Tras de sí, la muerte de mi padre dejó un camino de nuevos escenarios. Cambios prácticos, sutiles consecuencias, jodidas consecuencias, una ira que sube y baja los decibeles de su ferocidad y, sobre todo, un epicentro que no sé silenciar o no quiere silenciarse: la ausencia.

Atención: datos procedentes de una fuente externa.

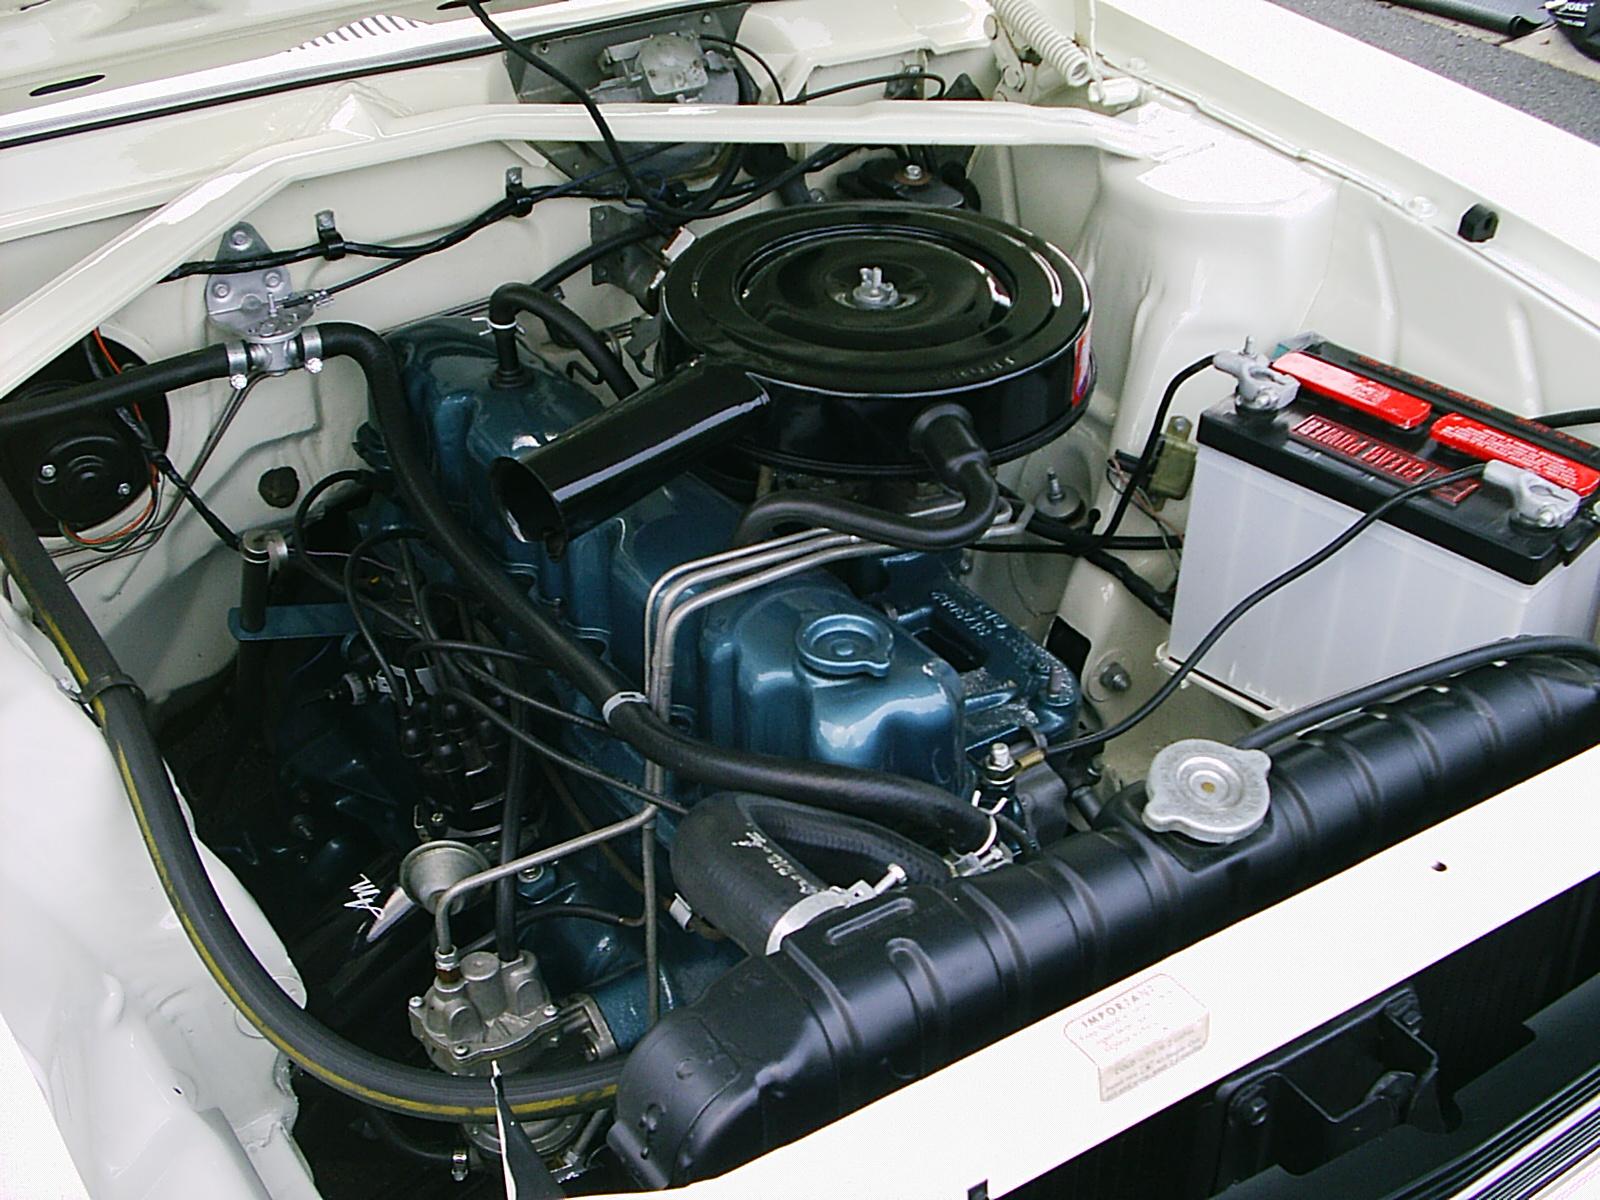 file 1968 rambler american wagon engine mdshow jpg jeep yj engine belt diagram

Porque la muerte, espero, duró segundos. Nunca he averiguado cuánto tarda un hombre joven en ahogarse. No he querido saberlo. Albergo una compasión inmensa por mi padre en sus últimos momentos. Si sintió que se estaba muriendo sin saber si sus hijas también agonizaban o ya estaban muertas o —vaya milagro— sobrevivían, debe haberle angustiado, enloquecido, paralizado. Tal vez ni le dio tiempo. Tal vez eso lo mató.

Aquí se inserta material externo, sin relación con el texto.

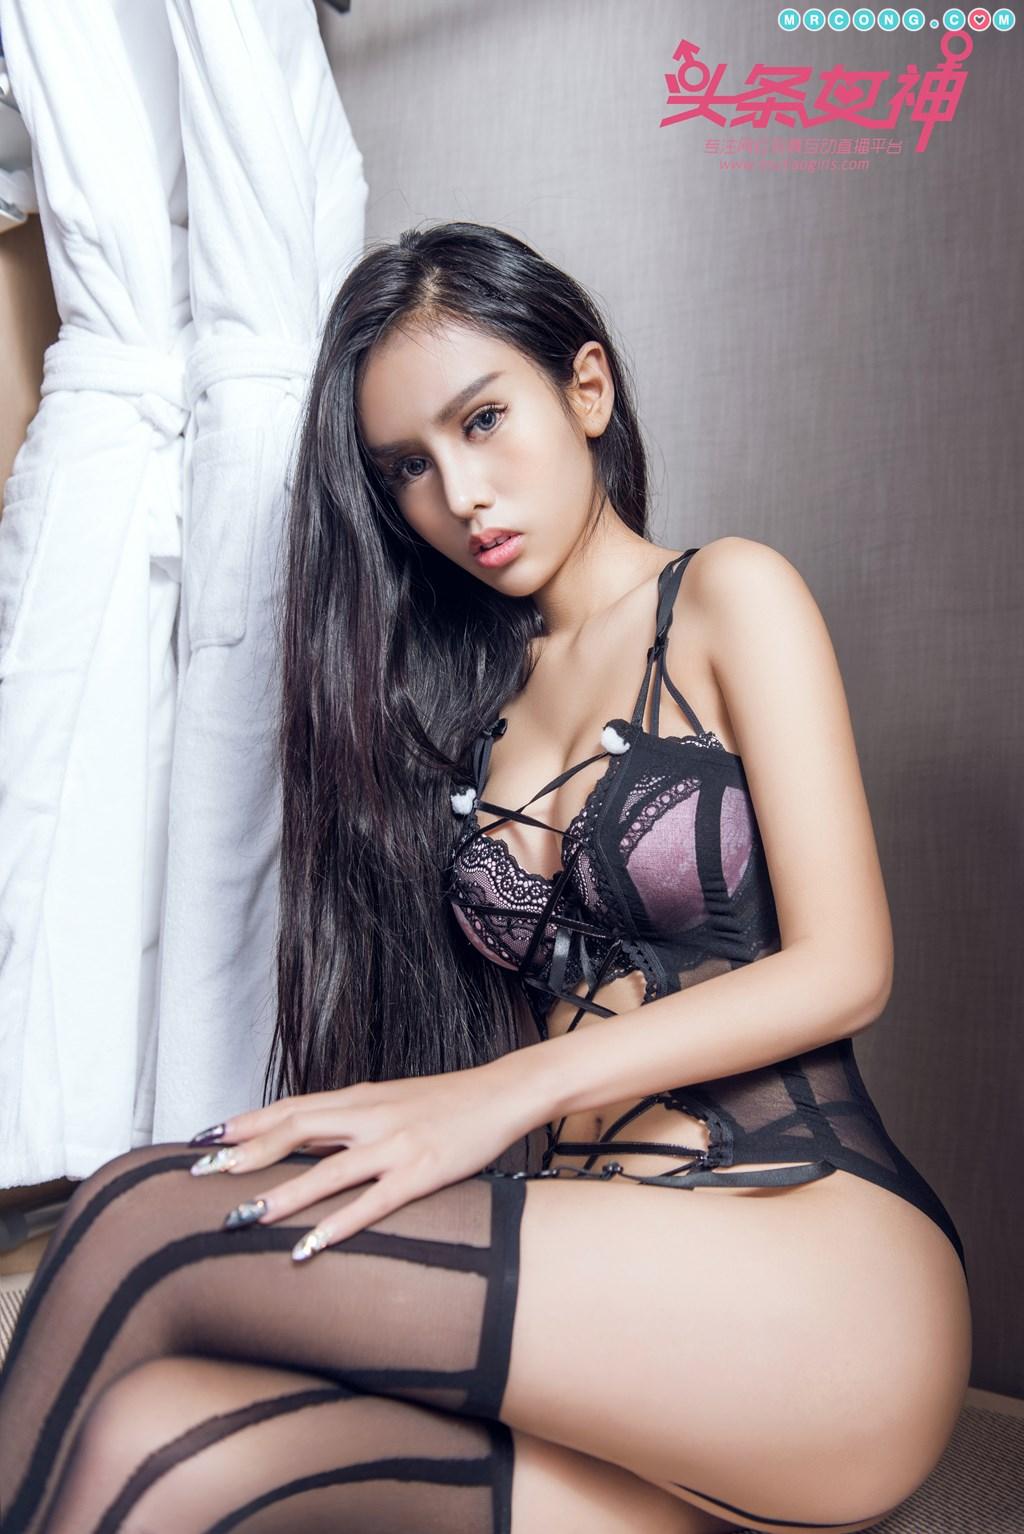 Image TouTiao-2017-12-05-Chen-Di-Ya-MrCong.com-029 in post TouTiao 2017-12-05: Người mẫu Chen Di Ya (陈迪垭) (35 ảnh)

Ah… pero la ausencia. Poderosa, elocuente, tan perversa como le permitimos —y a veces somos tan permisivos que atizamos su poder hasta doblarnos— la ausencia no abandona los días, mucho menos las noches. Las alegrías, los logros, las vicisitudes, otras pérdidas, los momentos de celebración y de júbilo, cada uno posee un fantasma que ve desde algún umbral sin poder participar. Su ausencia es la manera en la que mi padre siempre está presente.

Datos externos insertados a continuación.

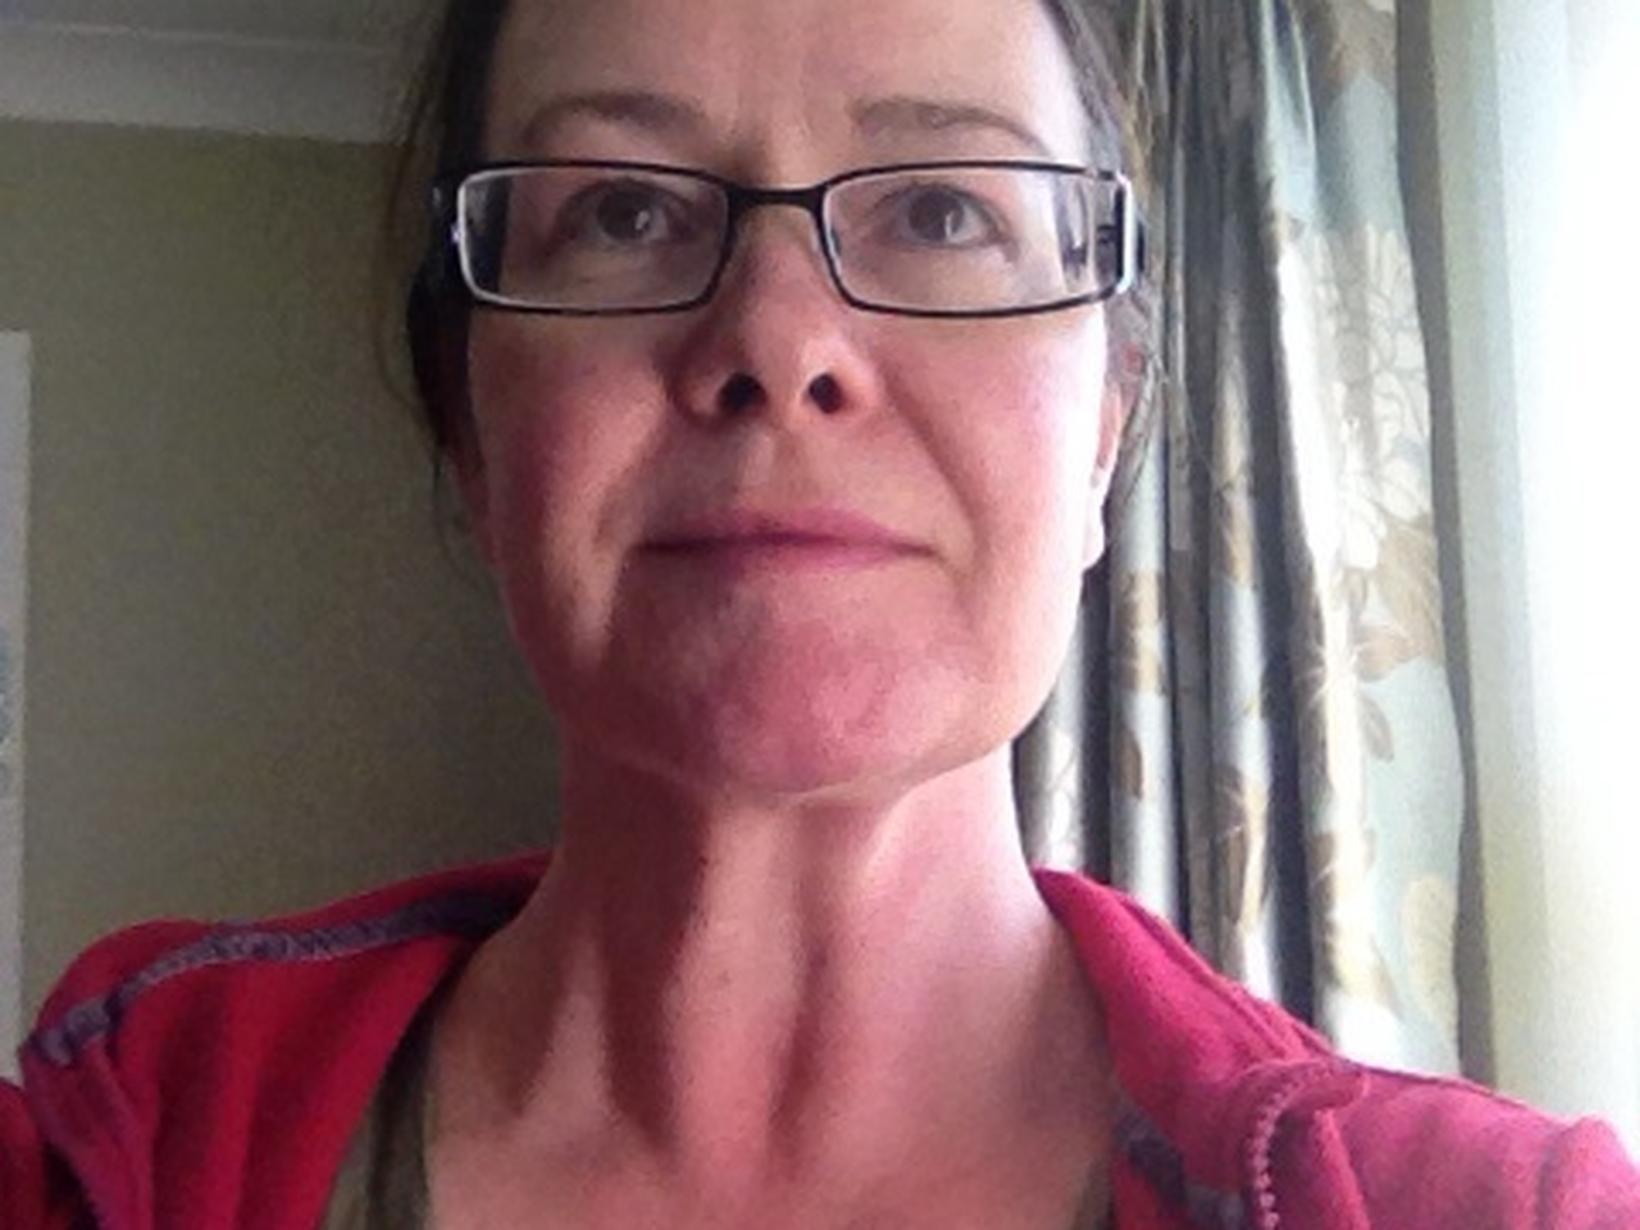 Patricia from York, United Kingdom

Hasta el cansancio hemos construido conversaciones al respecto. Con mis hermanas, con mi madre, con terapistas. ¿Por qué no lo dejo ir? ¿Será necesario seguir hablándole, escribirlo, escribirle? ¿Por qué aún duele? Es un dolor que se deja domar a veces y que doblega otras.

La memoria y el tiempo han ocupado mis grandes territorios. Ella tiene la misión de no permitir que olvide, él ha obviado su paso en esos sitios. Para el tiempo interno de mis historias más íntimas, todavía soy la niña de nueve años que, asustada, sugirió a su padre que bajáramos de la lancha.

La memoria casi lo devuelve hoy a la vida. El santuario en el que resguardo su imagen y lo que creo era su voz, hoy se ilumina. También es domingo, uno tan dueño de aquel acontecimiento que borra cuarenta y cinco años sin miramiento. Un parpadeo basta. El tiempo continúa en suspenso. No me muevo de sitio.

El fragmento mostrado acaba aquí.